Manchmal ist dieser Gehorsam furchtbar schwer. Pater Pio wurde in seinem priesterlichen Wirken eingeschränkt und durfte zeitweise nicht öffentlich die heilige Messe feiern und keine Beichten hören. Er gehorchte. Don Dolindo Ruotolo wurde über Jahre kirchlich geprüft und litt unter schwerer Verdächtigung. Er blieb. Solche Beispiele lösen nicht jede kanonische Frage. Aber sie zeigen eine geistliche Haltung: Die Heiligen haben ihre Liebe zur Kirche nicht davon abhängig gemacht, ob kirchliche Autoritäten sie verstanden haben.

Vielleicht ist das die schwerste Form der Liebe: bei der Mutter Kirche zu bleiben, wenn sie mich verwundet; bei Petrus zu bleiben, wenn Petrus mich nicht versteht; bei Christus zu bleiben, wenn sein Leib blutet.

Jesus sagt am Kreuz: «Es ist vollbracht!» (Joh 19,30). In diesem Wort vollendet sich nicht ein privates Erlösungsprojekt. In diesem Wort wird die Braut geboren, die Kirche. Aus seiner geöffneten Seite fliessen Blut und Wasser. Eucharistie und Taufe. Sakrament und Kirche. Opfer und Einheit.

Darum kann man die Tradition nicht gegen die Kirche retten. Man kann die Eucharistie nicht gegen die communio verteidigen. Man kann den Glauben nicht bewahren, indem man die sichtbare Einheit zerreisst.

Vielleicht ist jetzt die Stunde, in der wir weniger rechthaberisch und mehr eucharistisch werden müssen. Nicht schweigen aus Gleichgültigkeit. Nicht reden aus Bitterkeit. Sondern sprechen aus Liebe und knien aus Schmerz.

Am Ende bleibt mir das Gebet Jesu. Nicht mein Kommentar. Nicht mein Urteil. Sein Gebet:

«Heiliger Vater, bewahre sie in deinem Namen, den du mir gegeben hast, damit sie eins sind wie wir» (Joh 17,11).

Vielleicht ist genau das jetzt unser Auftrag: die Wahrheit nicht verraten, die Wunde nicht verharmlosen, die Tradition nicht verachten, Petrus nicht verlassen — und unter dem Kreuz um jene Einheit beten, für die Christus sein Blut vergossen hat.

12 Responses

  1. Vergelt’s Gott für dieses Statement. Da kann man sehr viel mitnehmen. Hoffe, dass das der eine oder die andere der Piusbruderschaft liest. Denn das regt an zum Nachdenken.

    1. Ich glaube, gerade davon müssen wir wegkommen. Zu sagen, es wäre gut wenn der eine oder andere dies hört oder jenes. Das ist nicht hilfreich.

      1. Lieber Don Philipp, sehr gut geschrieben, du sprichst mir aus dem Herzen. Herzliches Vergelts Gott für diesen wertvollen Beitrag 🙏🙏🙏🕊️

  2. Ein hervorragender Beitrag. Ich teile die dargestellte Sichtweise und halte diesen Ansatz für überzeugend und empfehlenswert.

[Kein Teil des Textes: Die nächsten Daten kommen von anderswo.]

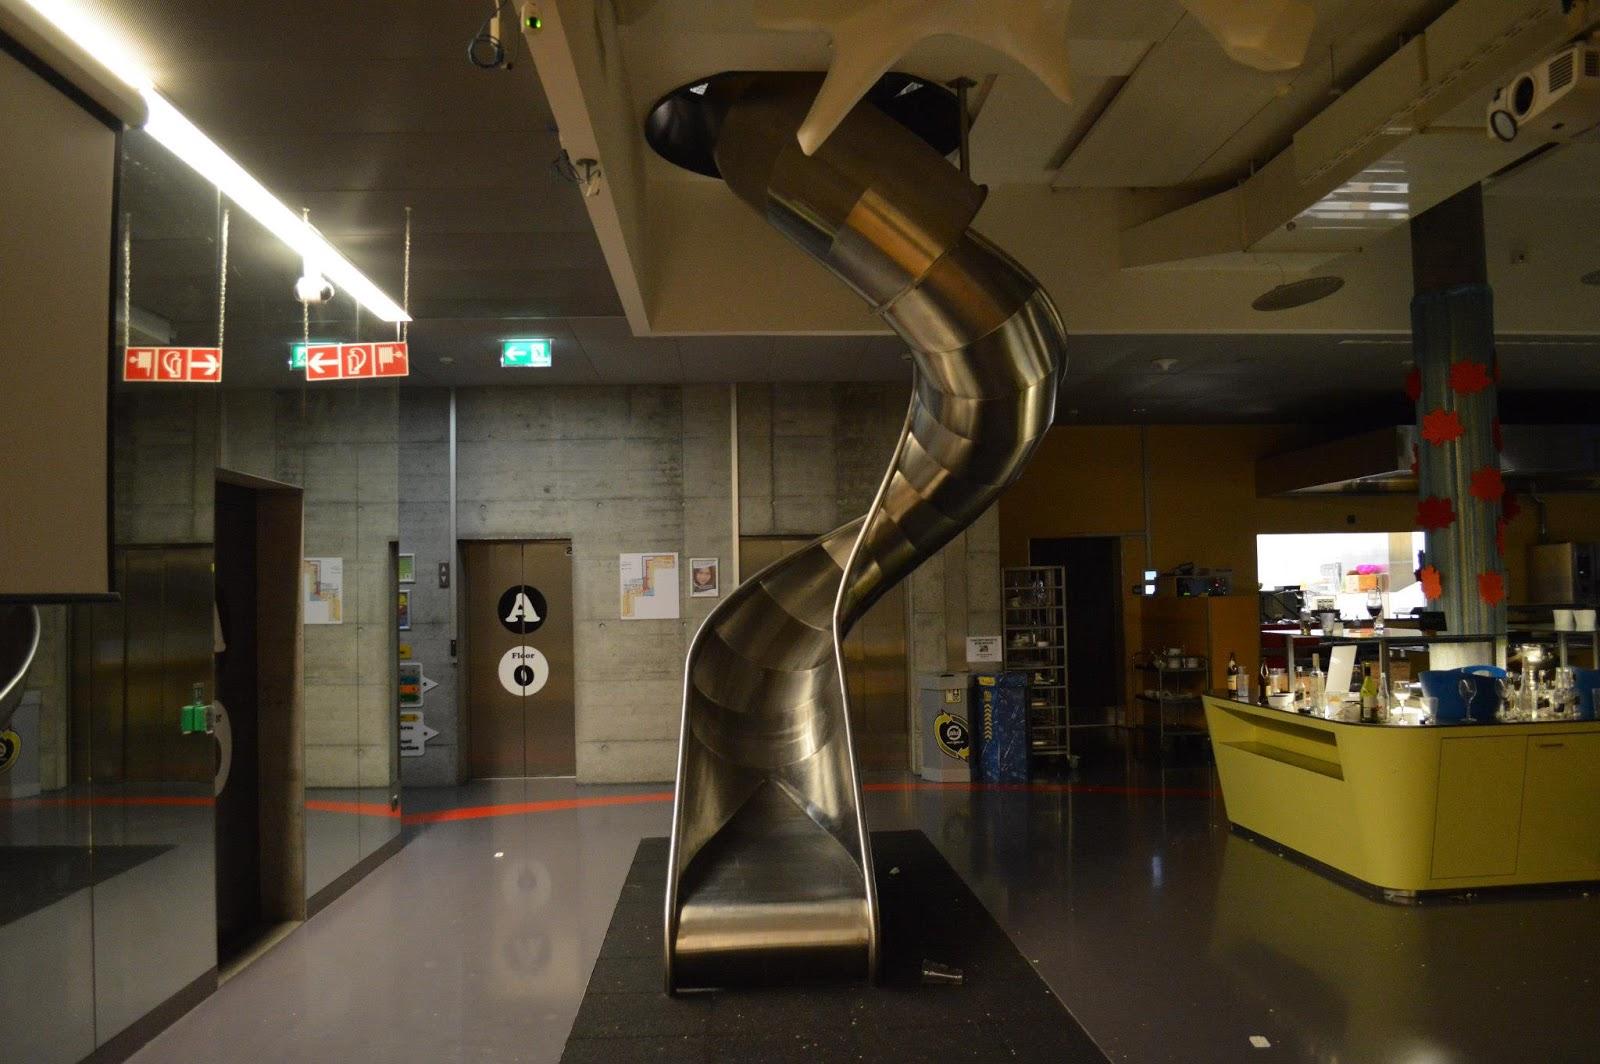 google office switzerland. Slide At Google Office Switzerland B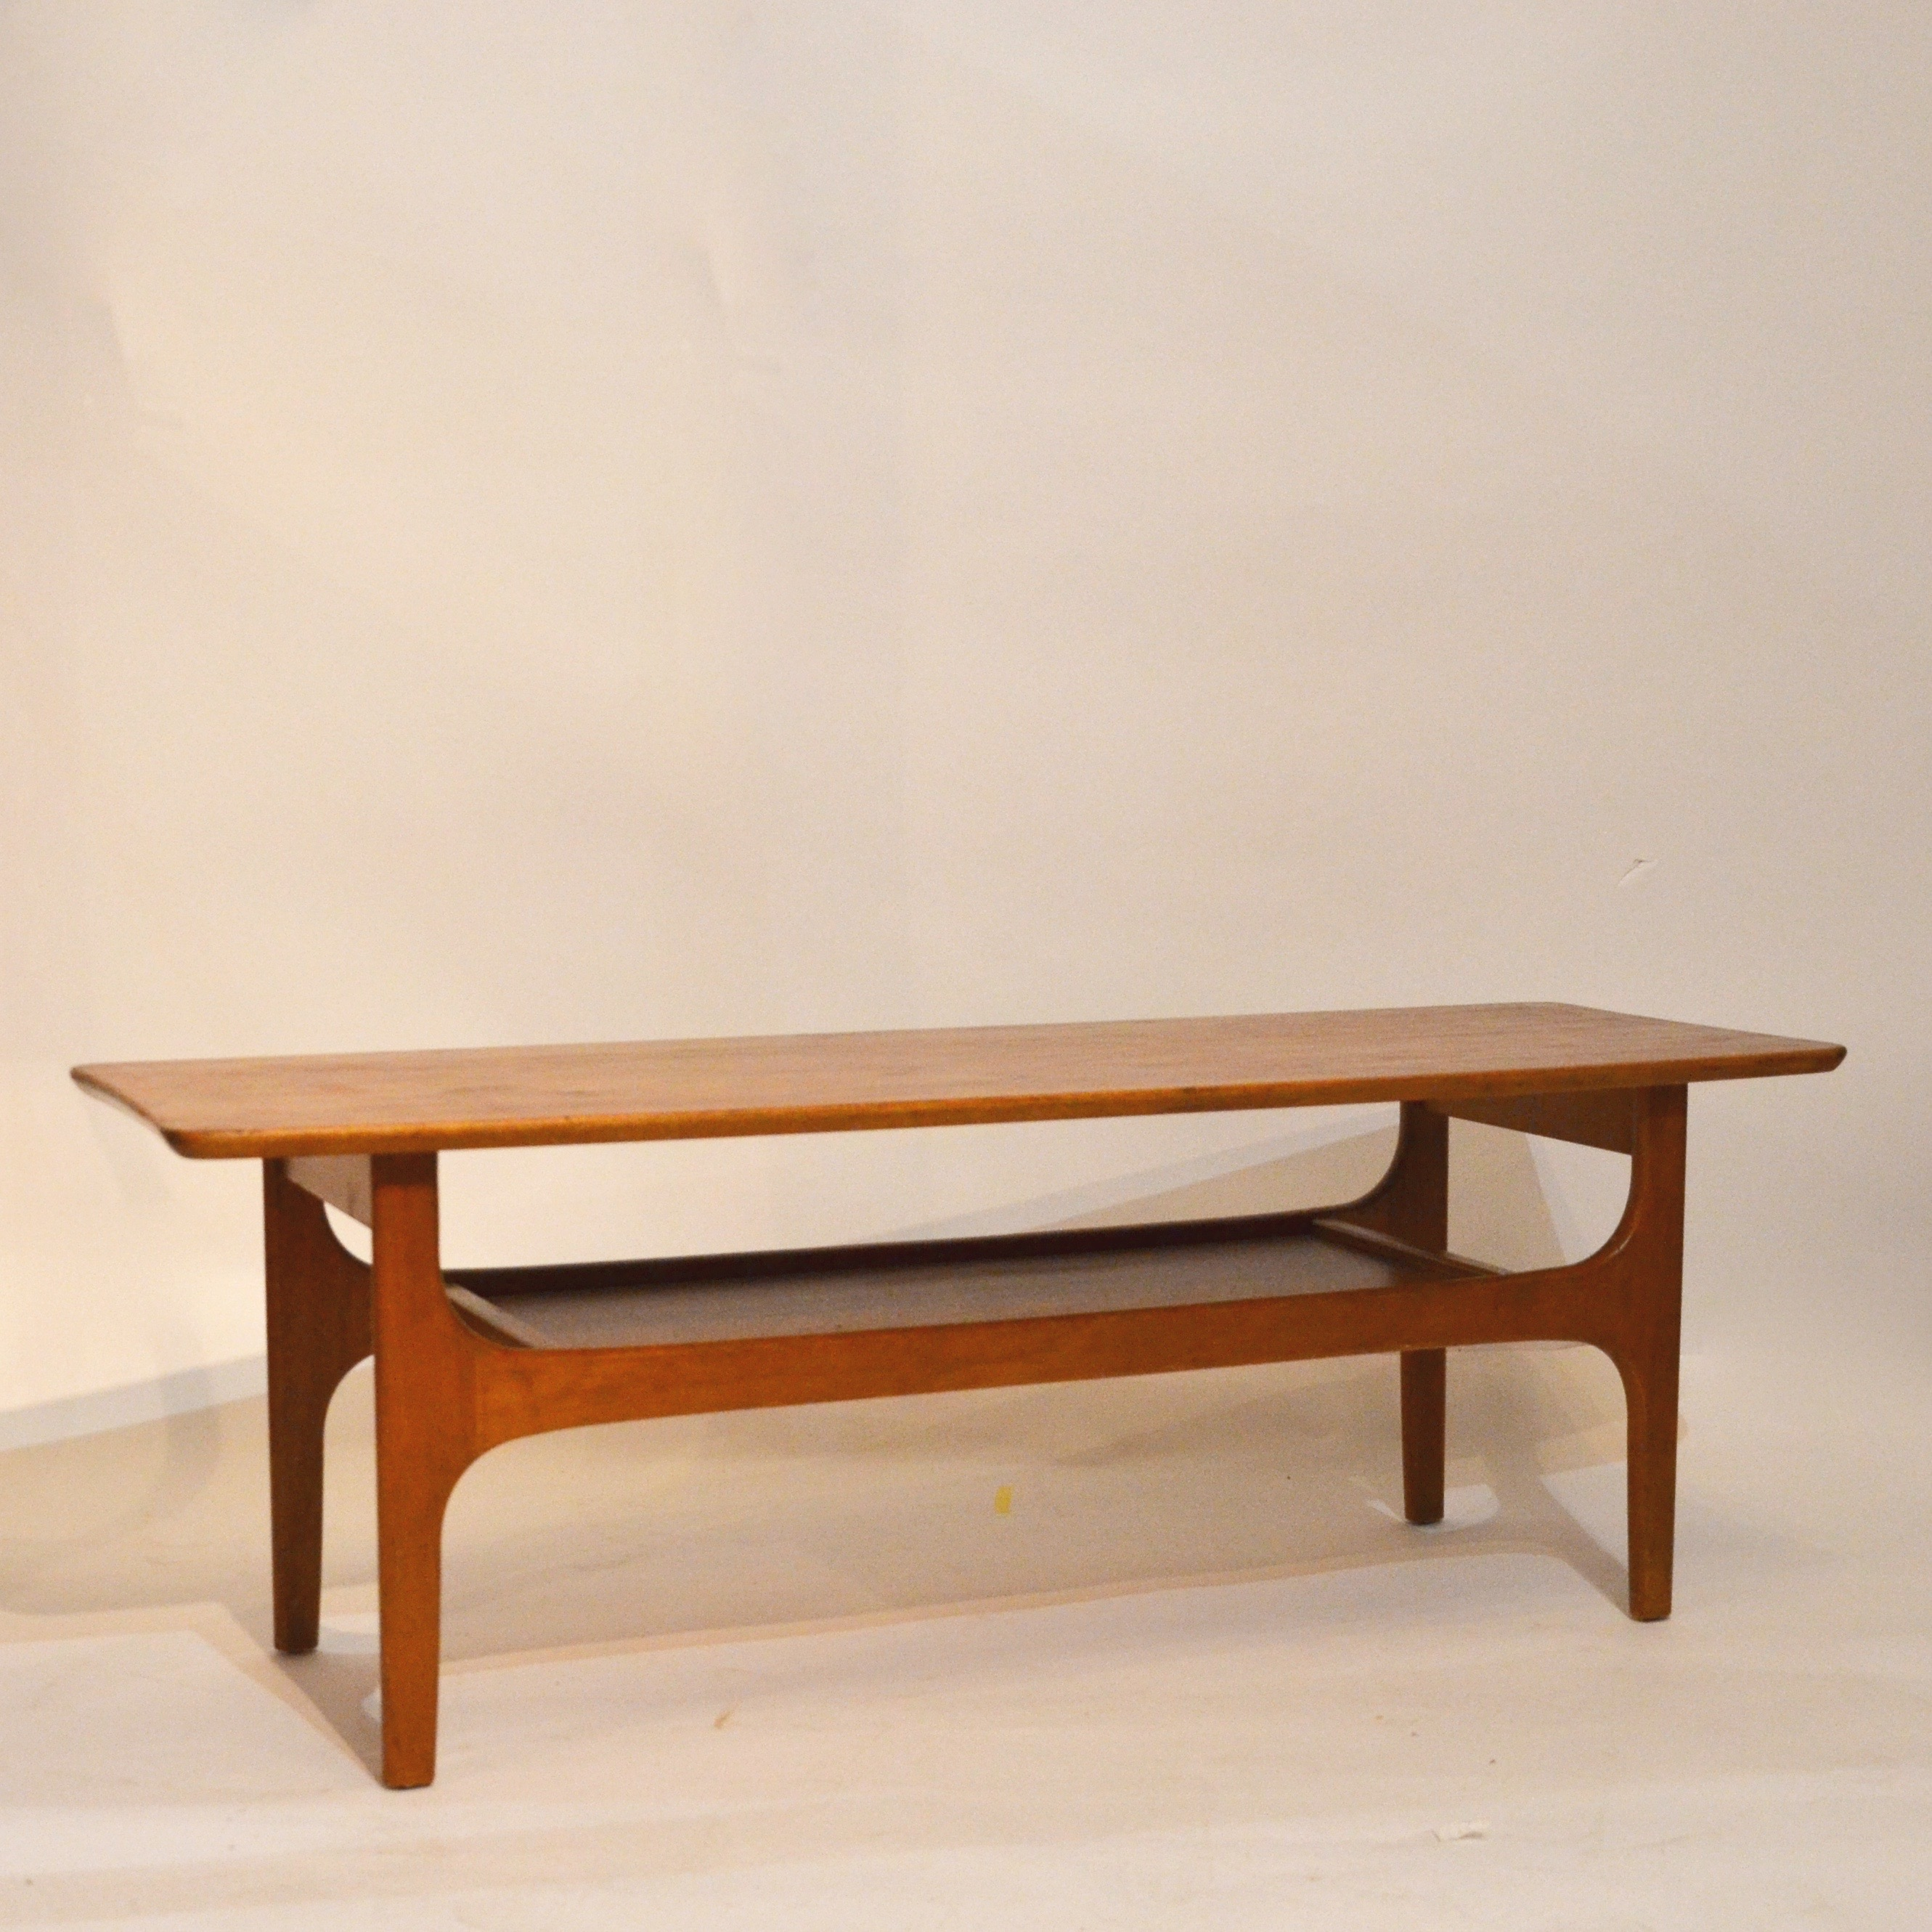 table basse de style scandinave bindiesbindies. Black Bedroom Furniture Sets. Home Design Ideas

  3. Lieber Don Isenegger, Sie sprechen mir aus dem Herzen. Ewiges vergelts Gott für Ihre Worte! Möge Jesus Sie reichlich segnen und der hl. Geist Sie weiterhin führen 🙏🏻🕊️

  4. Ich bin sehr dankbar und glücklich über diesen tiefgründigen, ausgewogenen und sorgfältig formulierten Artikel. Diakon Urban Camenzind-Herzog

  5. Lieber Philip, das ist der der beste Kommentar den ich über dieses schwere Ereignis gelesen habe! Ewiges Vergelts Gott!

  6. Ich schliesse mich den Kommentaren hier an, lieber Don Philipp. Das ist hervorragend geschrieben (Schreiben ist denken, Schopenhauer). Danke dem Allerhöchsten, dass er Dich in seinen Dienst gerufen hat. In Demut und Liebe klar sein, die Wahrheit sprechen. Das machst Du hervorragend. Und Du zelbrierst auch die Heilige Messe so, dass ich die Anwesenheit Jesus spüre. Dass seine Würde, Barmherzigkeit, Herrlichkeit und Liebe spürbar, ja greifbar, werden. Ich freue mich auf Donnerstag.

  7. Der Artikel beschreibt den ganzen Kontext in ausführlicher Weise; wohlwollend, warmherzig, liebevoll und fokussiert das Thema dabei aus verschiedenen möglichen Betrachtungsweisen.
    Könnten hier aus einem anderen Kontext heraus auch noch weitere mögliche Fragen hineinspielen?
    Erscheinungsort Garabandal, Botschaft der Mutter Gottes von 1965: «Es werden viele Kardinäle, Bischöfe und Priester viele Seelen mit in die Tiefe reissen.»